Папа в ответ неопределённо пожимает плечами и молчит. Хозяйка всё расспрашивает. Вспоминают прошлое. На столе картошечка из печки, в чугунке, с зеленью. Маленькие квашеные арбузики-мурашки, разные соленья. Всё очень вкусное. Хозяйка хлопочет, хочет нас получше угостить.
– Геннадий, возьми домой… вот огурчики, помидорки, капустка, арбузики… всё своё, с огорода.
– Нет, нет, спасибо, нам не надо.
Я тихонько толкаю папу локтем и шепчу:
– Пап, арбузик возьми.
Но папа стесняется взять арбузик. Тогда хозяйка молча достаёт нам из бочонка три арбузика-мурашка. Папа пробует отказаться, но она решительно говорит:
– Супруге передай.
Домой мы ушли поздно, так и не дождавшись Леонида. Работа, что поделаешь. Больше я у них никогда не была, но хозяйкины слова и пожелания крепко запомнила. Я поняла, что не знаю чего-то важного, какую-то хорошую Тайну, что я вообще чего-то лишена. Тайна меня манила и притягивала.
Ищите Бога, ищите слёзно,
Ищите, люди, пока не поздно.
Ищите всюду, ищите каждый,
И вы найдёте Его однажды.
И будет радость превыше неба,
Но так ищите, как нищий – хлеба!
Надпись в домике блаженной Паши Саровской в Дивеево
В городе Минусинске есть красивый старинный собор Спаса Нерукотворного. Впервые в этот собор меня привела подружка в середине семидесятых. Меня притягивала тайна, которую от меня скрывали взрослые. Почему скрывали? Думаю, они и сами её позабыли, да и вспоминать не хотели.
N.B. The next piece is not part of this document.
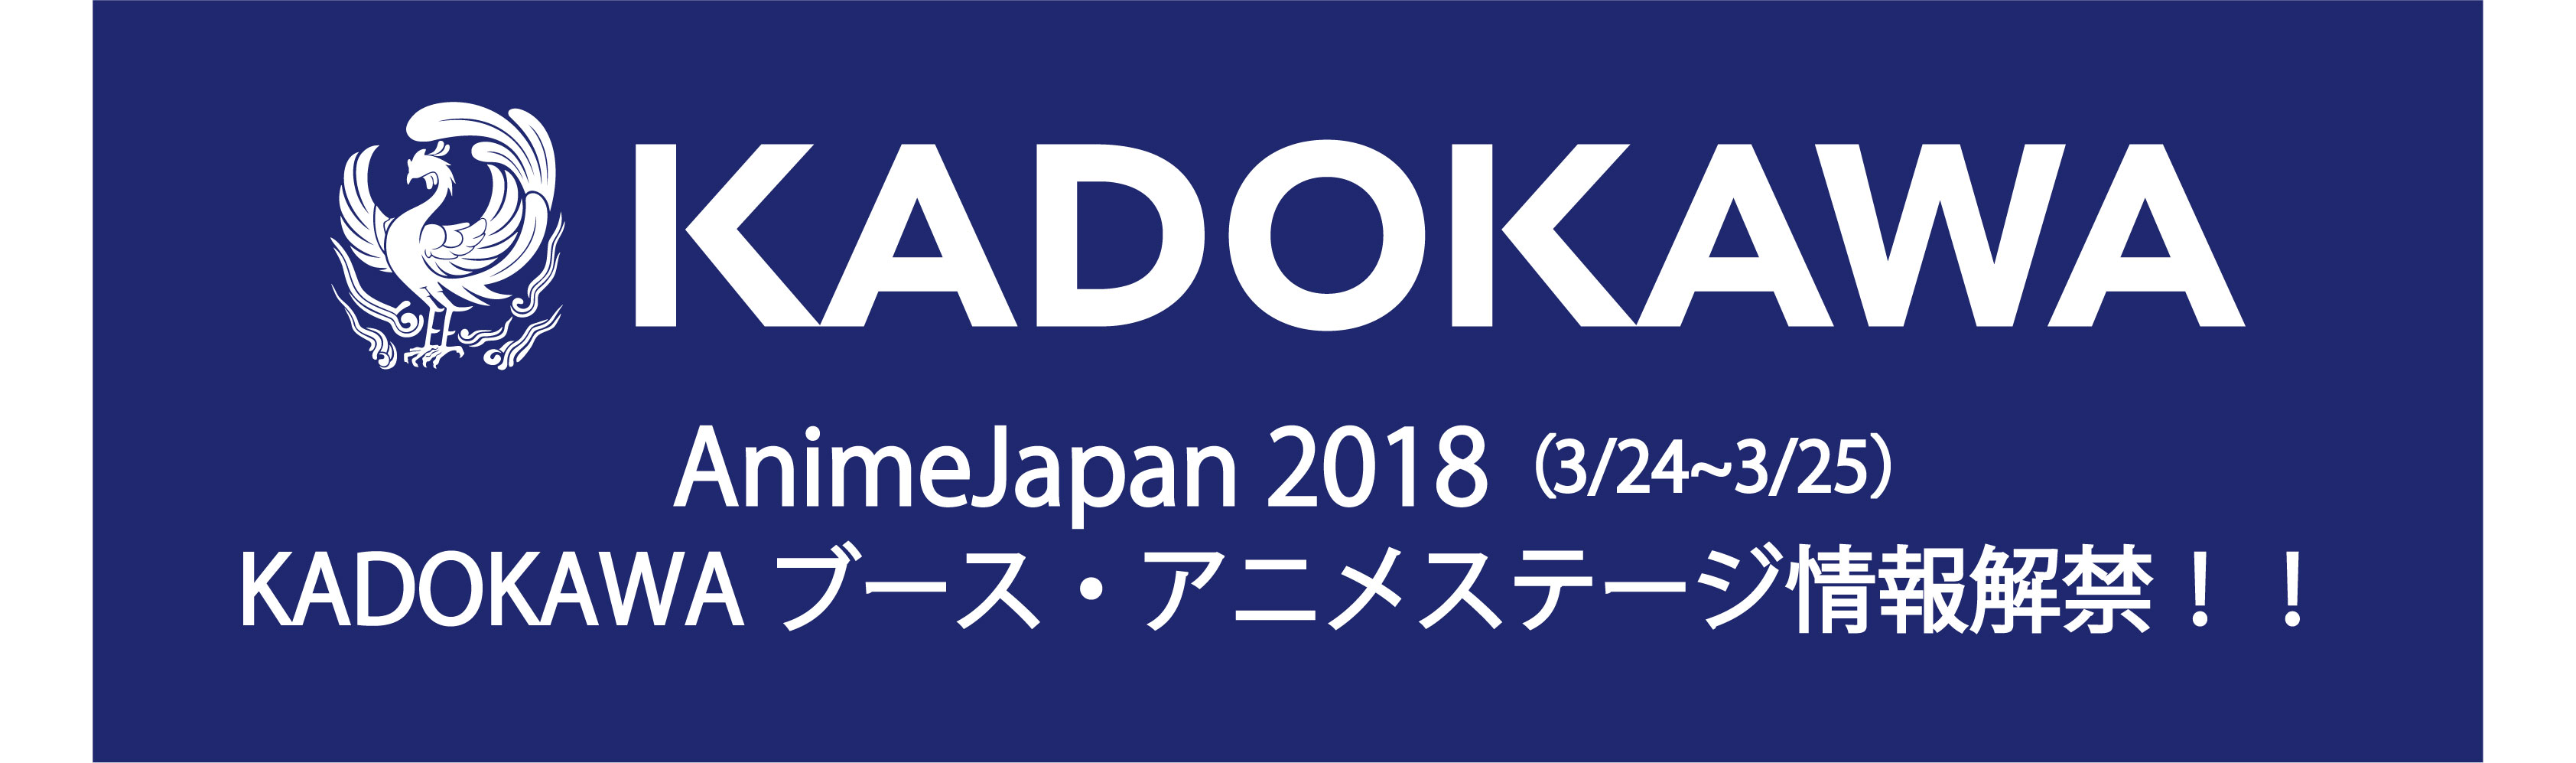 アニメジャパン2018 KADOKAWAブース・アニメステージ開催決定

Время было такое. Вера в Бога была в Советском Союзе под запретом.
Из рассказов взрослых и новых подружек выяснилось, как крестят. Для чего крестят, никто толком не знал. Их рассказы меня разочаровали. Сказали, что выстригают волосы на голове с четырёх сторон, потом окунают в холодную воду и одевают крестик. Волосы было жалко. Почему-то представилось, как мне их с четырёх сторон выстригли «под корень», как у меня надо лбом и на затылке образовались проплешины, а мои длинные косы стали тоненькие-тоненькие.
Опрошенные мною три новые подружки-ровесницы уверяли, что все они крещены. Кроме того, Света Никулина с важностью «по секрету» сообщила, что у неё даже есть крестик и он хранится у мамы в шкатулочке. А Таня Горюнова сказала, что у неё в деревне есть крёстные и они бывают у них в гостях. Она пообещала, что сходит со мной в наш городской собор. Вернее, она сказала, «в церковь». Только чтоб я не проболталась родителям, потому что церковь далеко от дома, за рекой. Одних нас туда не отпустят, и с нами никто не пойдёт. Скажут, что некогда. На том и порешили.